** Opening DATA SHOWN block **

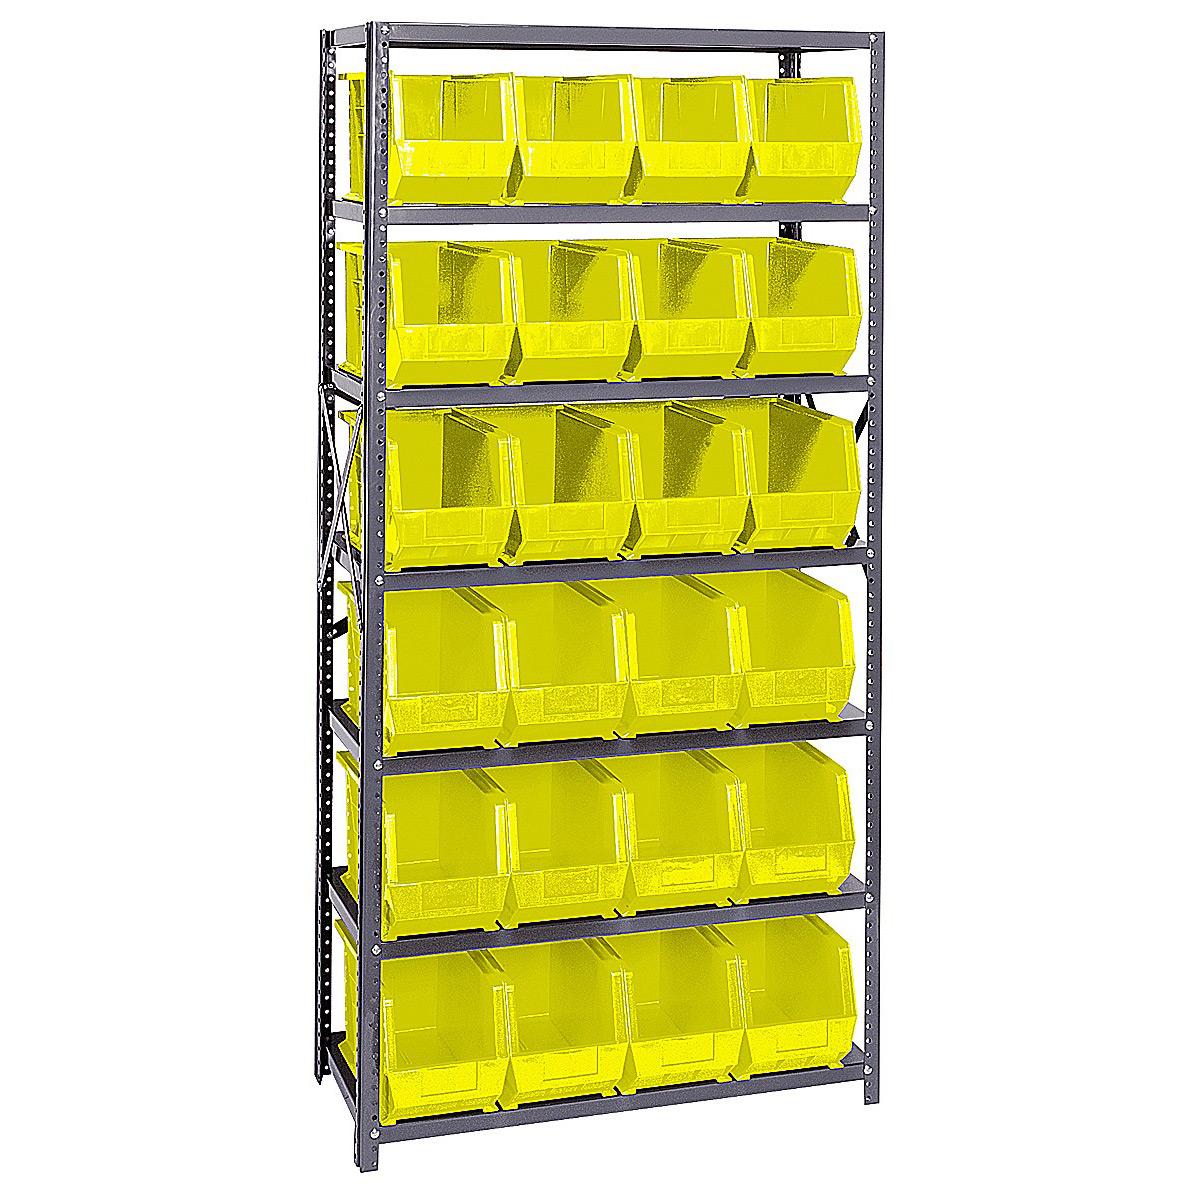 Open Hopper Storage Unit 24 Bins In Plastic Storage Bins
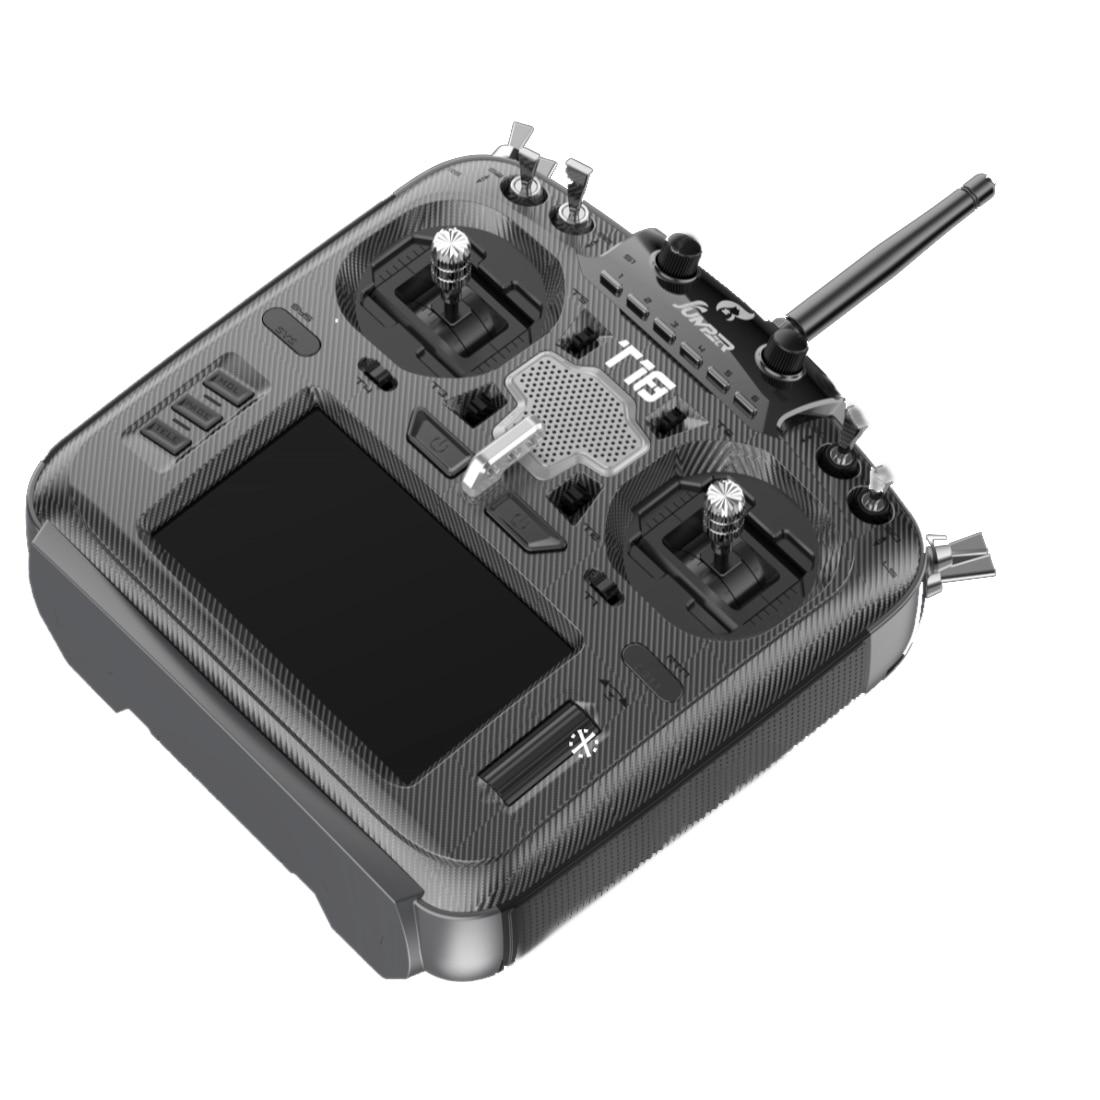 Jumper T18 T16 Hall Gimbal встроенный модуль с открытым исходным кодом мультипротокол радиопередатчик 2,4G 16CH 4,3 LCD JP5IN1 915mhz
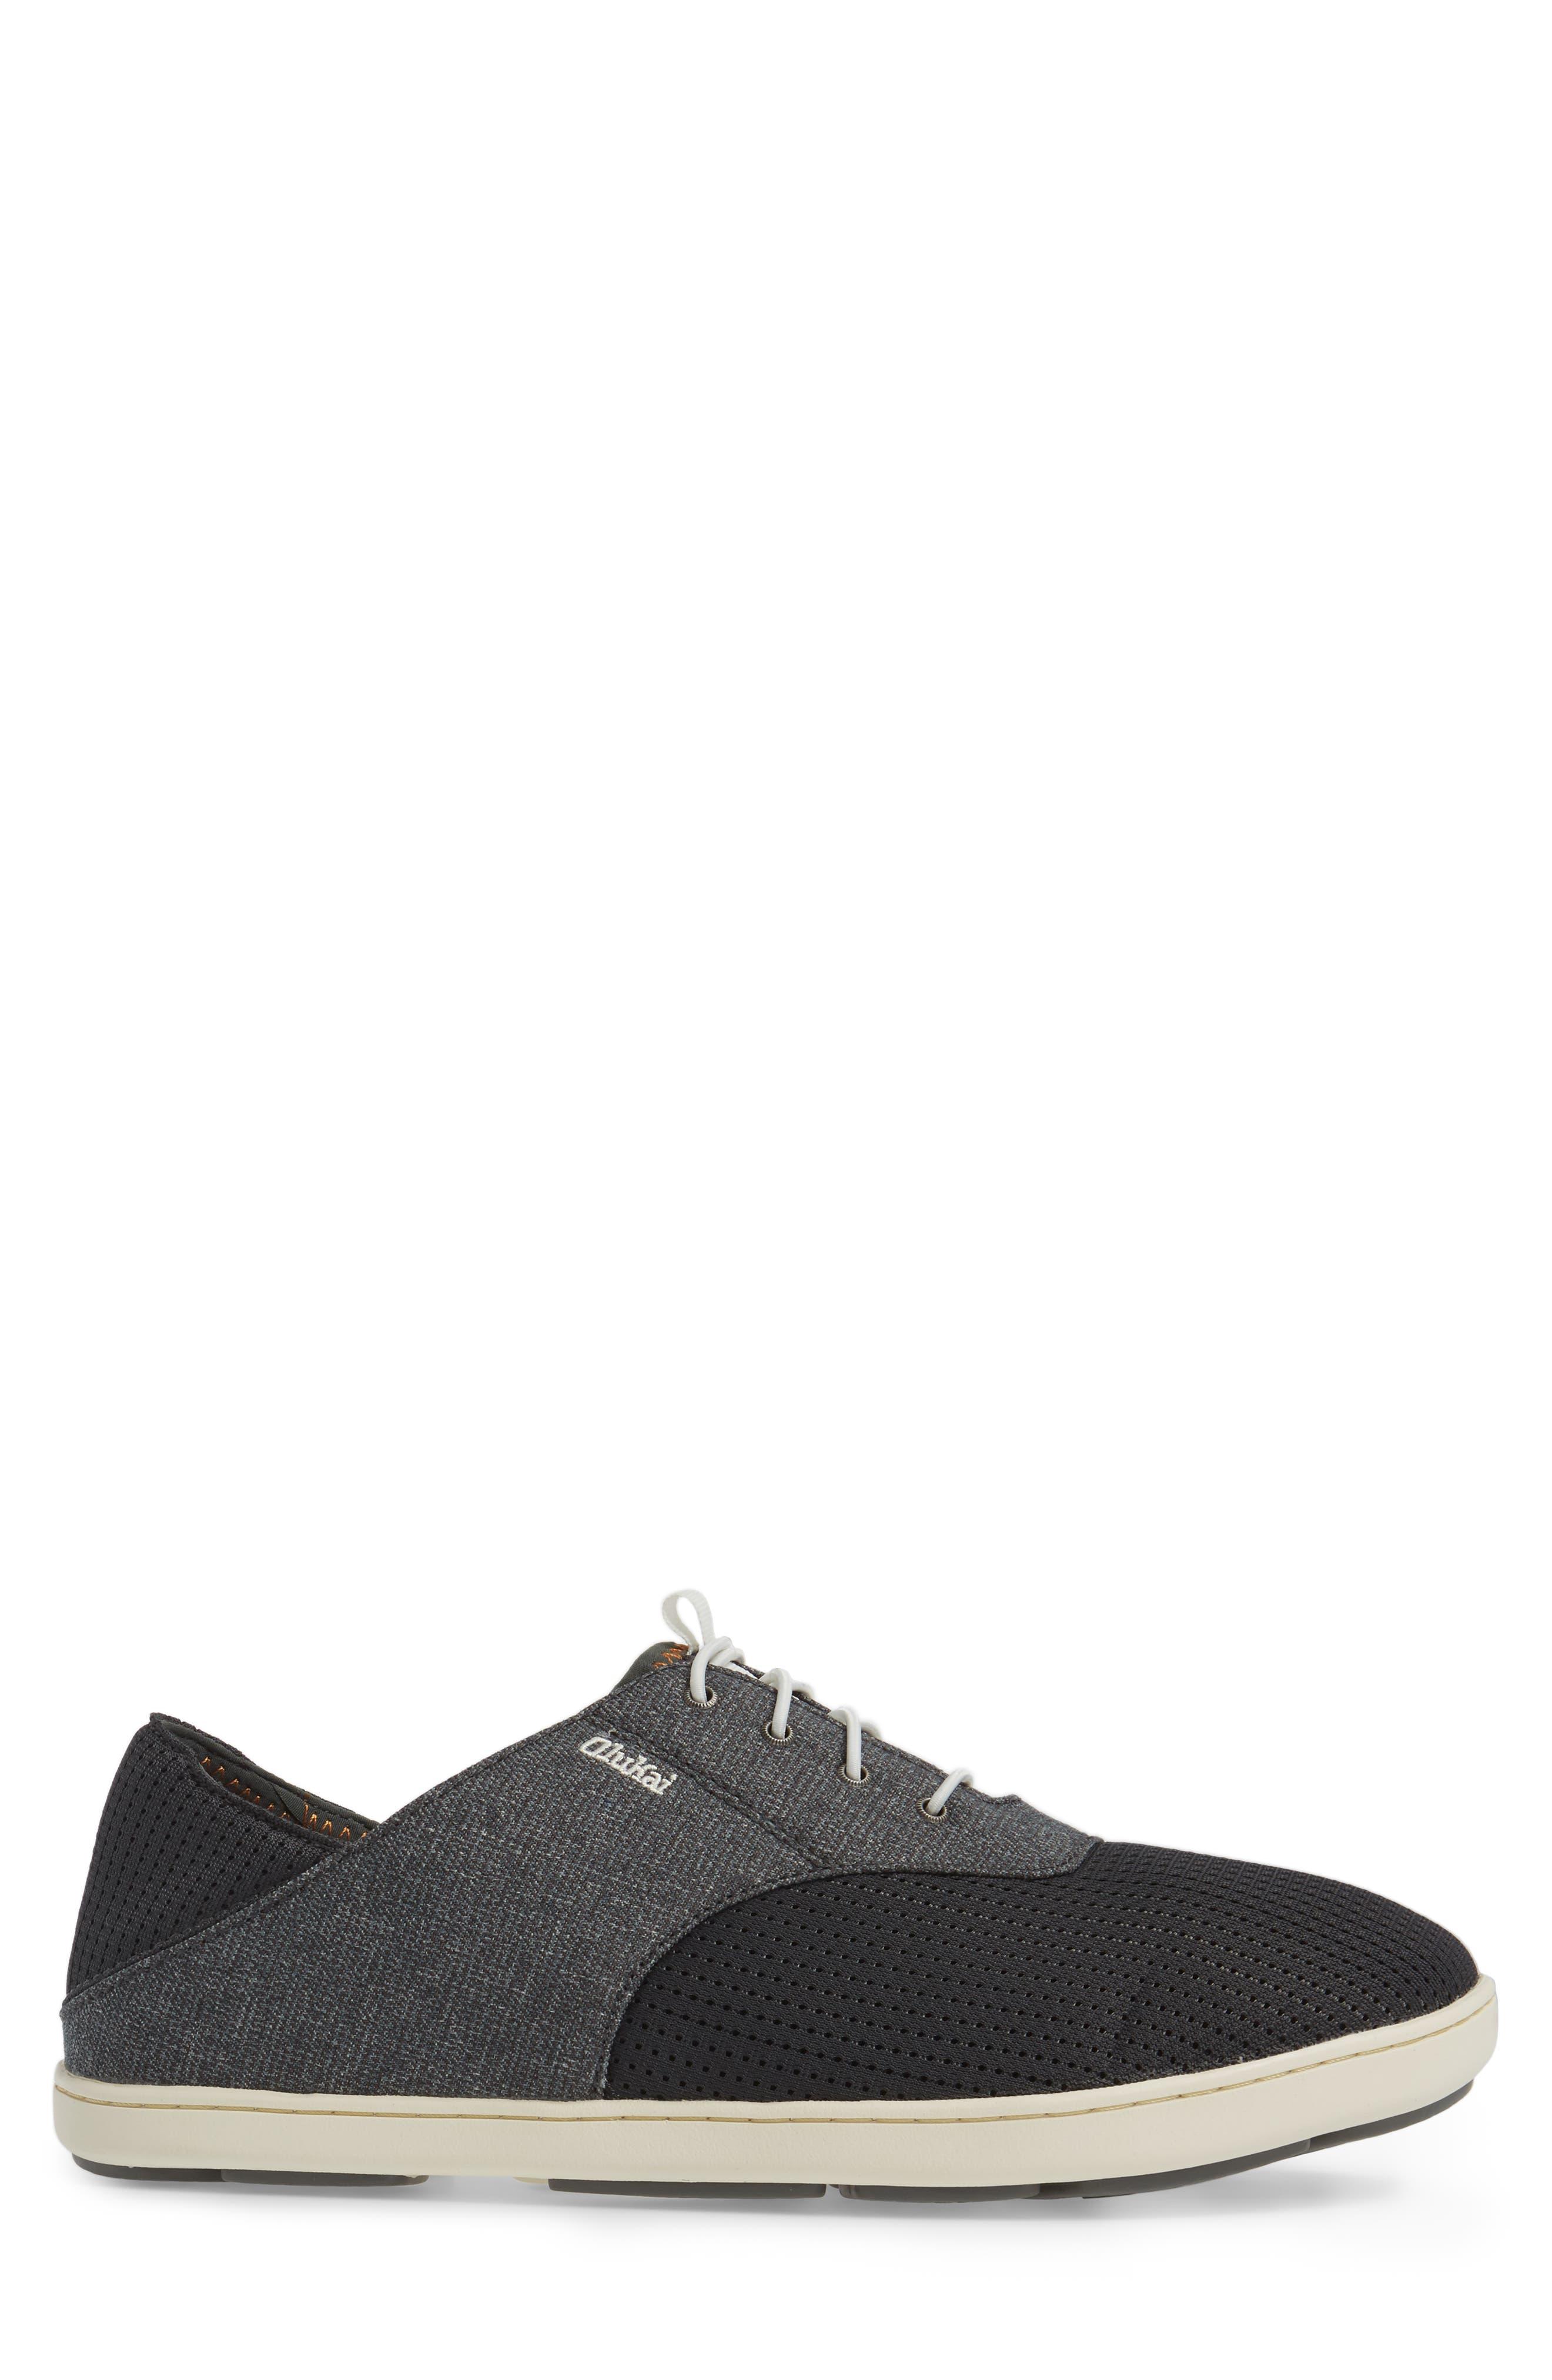 'Nohea Moku' Sneaker,                             Alternate thumbnail 3, color,                             Dark Shadow/ Dark Shadow

** Closing DATA SHOWN block **

WHAT THE EXERCISE ASKS:
Reproduce all the material exactly, omitting images.

RESULT OF THE EXERCISE:
 Open Hopper Storage Unit 24 Bins In Plastic Storage Bins
 Jumper T18 T16 Hall Gimbal встроенный модуль с открытым исходным кодом мультипротокол радиопередатчик 2,4G 16CH 4,3 LCD JP5IN1 915mhz
 'Nohea Moku' Sneaker,                             Alternate thumbnail 3, color,                             Dark Shadow/ Dark Shadow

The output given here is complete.